En décembre 2026, les pays membres de l’Onu éliront un nouveau Secrétaire général, en remplacement du portugais Antonio Gutterres. Au nombre des candidats déclarés, figure Macky Sall, l’ancien président Sénégalais. Yao Noël, ancien Président de l’Unjci et actuel Président de l’Union des Journalistes de la presse libre africaine (Ujpla) pose une hypothèse sur cette candidature qui soulève tant de réactions controversées.
Par Bosco de Paré
Dans une publication sur le site d’informations africaines, afrique-africains.com, le Président de l’Ujpla estime que le soutien apporté par les autorités Sénégalaises à Macky Sall est « tardif ». « (…) L’on se prend à s’interroger sur la candidature de l’ancien Président sénégalais Macky Sall et les réactions contrastées que suscite sa volonté de briguer ce prestigieux poste onusien. Entre d’un côté, le Président Bassirou Diomaye Faye qui vient, à retardement, de lui apporter le soutien du Sénégal et les positions carrément hostiles et opposées, il y a aussi certains citoyens sénégalais qui ont fait le choix du ‘‘linge sale qui se lave en famille’’ et qui décident de ne pas tenir rigueur à l’ancien chef de l’État de ses manquements démocratiques et de gouvernance pour lui souhaiter bon vent dans sa campagne pour le secrétariat général de L’Onu. Dont Acte! ».
Pour Yao Noël, même si les ambitions de l’ancien Président du Sénégal de briguer le secrétariat de l’Onu sont nobles, en revanche beaucoup de choses restent à comprendre. Entre autres : l’exercice du pouvoir d’Etat, les principes fondateurs de l’Organisation des Nations-Unies (Onu). Sur le premier point, Yao Noël rappel que « l’exercice du pouvoir d’Etat n’autorise aucun dirigeant à des excès et outrances, qu’il s’agisse des droits et libertés ou de la gestion (économique et sociale) des affaires publiques ».

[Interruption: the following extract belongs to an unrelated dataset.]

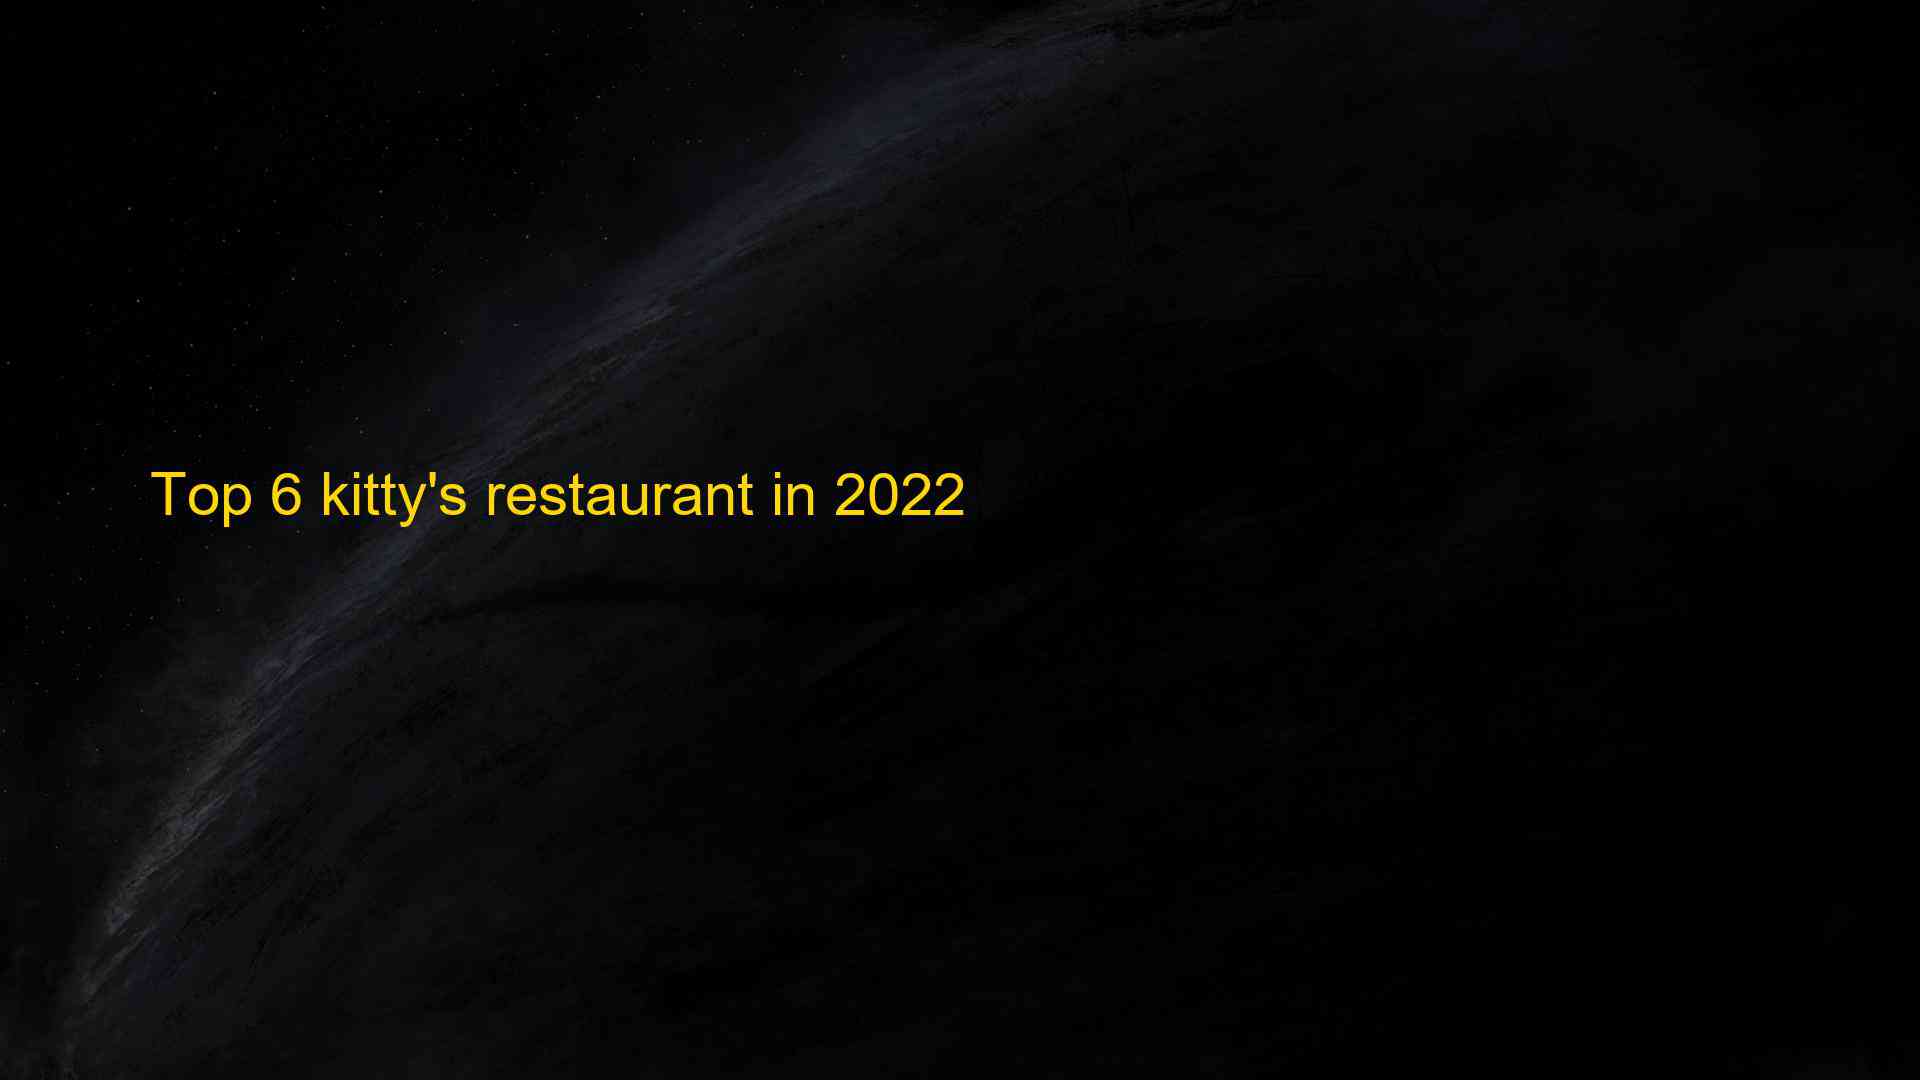 Top 6 kittys restaurant in 2022 1662997401

En ce qui concerne l’Onu, le Journaliste émérite rappelle quel celle-ci a été « créée pour la démocratie, la justice, la liberté, la sécurité, la paix et le développement global et durable dans le monde ». Le Président de l’Union des Journalistes de la presse libre africaine (Ujpla) s’indigne et refuse que cette organisation mondiale veuille couvrir des ‘‘dictateurs’’. « L’Onu ne saurait, devenir subitement aujourd’hui, un lieu ou un endroit de ‘‘blanchiment’’ de prédateurs des droits de l’homme et des libertés des citoyens. Dès lors, que faire ? Que reste-il à faire pour le Conseil de sécurité de l’Onu, véritable directoire mondial en matière de paix et de sécurité internationales ? »
« À cet organe important et stratégique de l’instance onusienne en matière de choix du Secrétaire général, il appartiendra, de peser objectivement, le pour et le contre de cette candidature de Macky Sall pour se déterminer et trancher en toute souveraineté et dans le seul intérêt de la paix, de la sécurité internationale et de l’humanité entière. Dans toute cette affaire, l’Afrique et les africains ne sont pas et ne seront pas à une contradiction près ».
Pour mémoire, une grave crise politique a secoué le Sénégal de 2021 à février 2024. Ce qui a affaibli l’autorité de Macky Sall et conduit à l’élection de Bassirou Diomaye Faye, candidat du Pastef, principal parti de l’opposition porté par Ousmane Sonko.